''American Pie 2'' comes out on top
The teen sex romp sequel tastes sweet victory over the buddy action comedy sequel ''Rush Hour 2''
How’s this for a sugar rush? In its opening weekend, ”American Pie 2” grossed a record breaking estimated $45.1 million, the most ever for an R-rated comedy. If the numbers hold, the ”AP2” debut will be the fourth consecutive $45 million-plus opening, following ”Jurassic Park III,” ”Planet of the Apes,” and ”Rush Hour 2.”
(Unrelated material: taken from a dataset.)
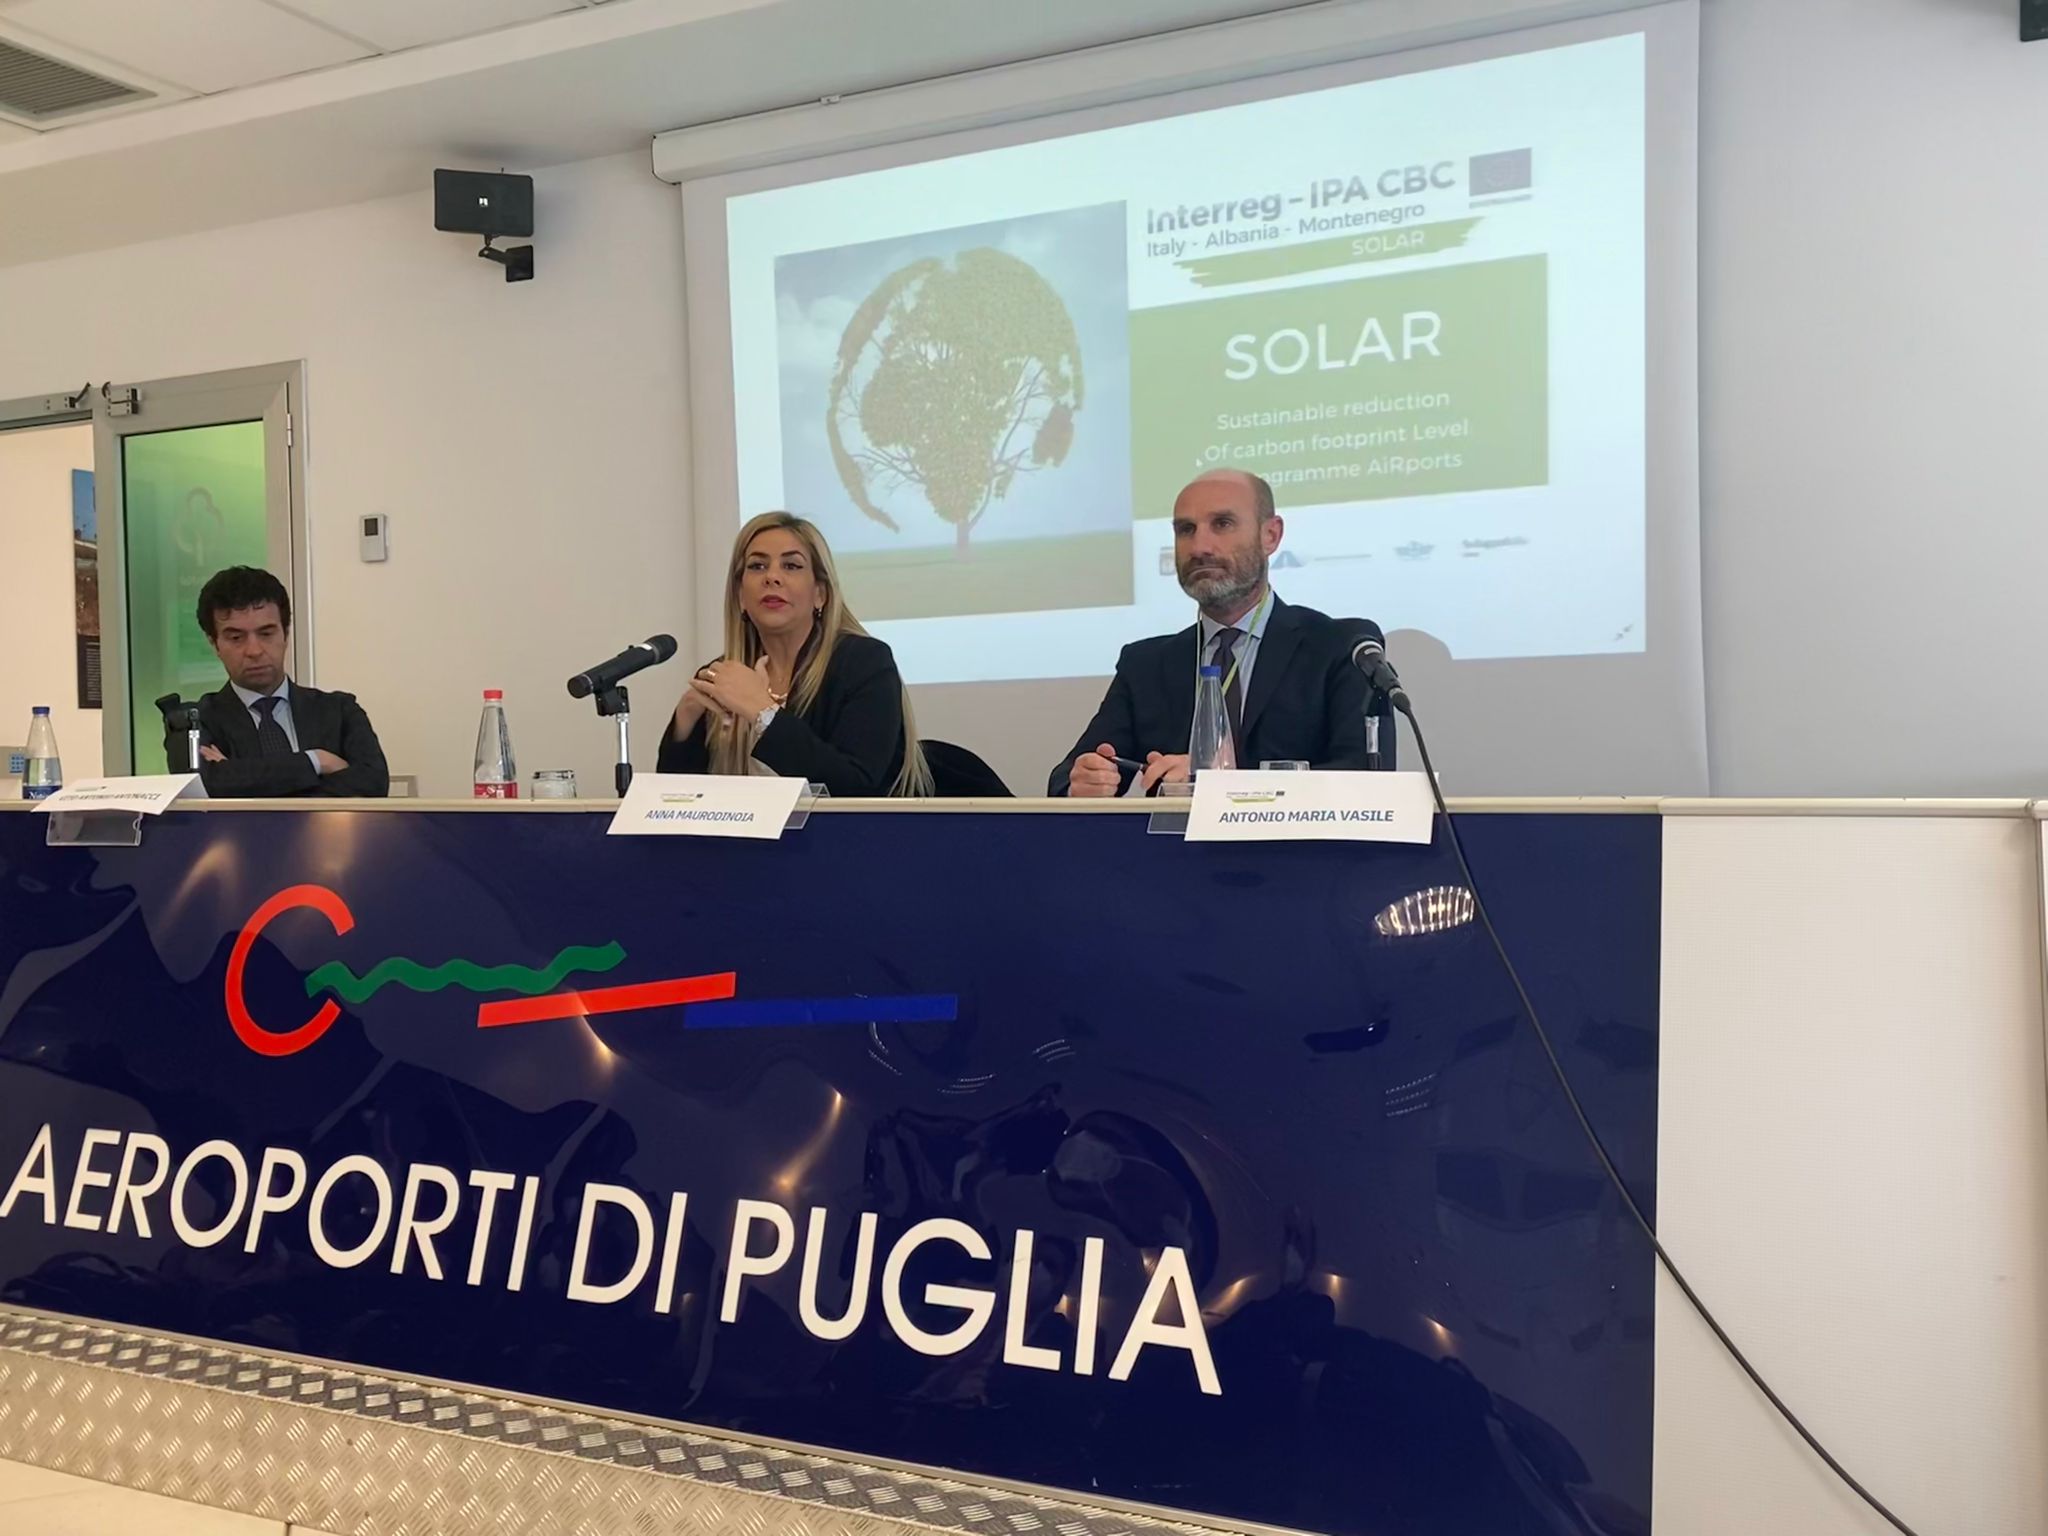 Galleria Progetto di cooperazione SOLAR: verso una gestione sostenibile degli aeroporti e lo scambio di buone pratiche tra Puglia, Molise, Montenegro e Albania - Diapositiva 4 di 7

The R rating given to the ”American Pie” sequel didn’t seem to hurt the film (”Scary Movie 2”’s low debut last month was attributed to its R). Instead, comedy fans young and old lined up to see their favorite sex obsessed teenagers, resulting in ”AP2” more than doubling the $18.7 million gross of the original ”American Pie” in 1999. Universal can thank the tireless ”AP2” cast for working overtime to promote the film on every talk show known to man.
Meanwhile, another high performing comedy sequel, ”Rush Hour 2,” slipped to second place with an estimated $31.5 million, bringing its 10-day total to $132 million, almost matching the total gross of the first ”Rush Hour,” which earned $141 million back in 1998. ”RH2”’s 53 percent drop is steeper than was expected, though, and merely continues this summer’s trend of huge openings followed by precipitous drops.
But the week’s No. 3 film, the modern fairy tale ”The Princess Diaries,” bucked the trend by falling only 38 percent to maintain its ranking and earn another $14.1 million. Obviously families are spreading the word about the kid-friendly comedy.
Two other films opened wide this weekend, with mixed results. Nicole Kidman’s horror thriller ”The Others” benefited from fine reviews (and the crazy publicity from Kidman’s just finalized divorce from Tom Cruise) to snag fourth place with $13.6 million, though it was playing in only about half as many theaters as ”American Pie 2.” But the Farrelly brothers’ mixed media comedy ”Osmosis Jones” failed to entice many gross-out fans (who were obviously more interested in ”AP2”), earning a paltry $5.6 million despite a big name cast that includes Bill Murray and Chris Rock. The culprits? A lackluster trailer — and tough competition from those musically inclined adolescents.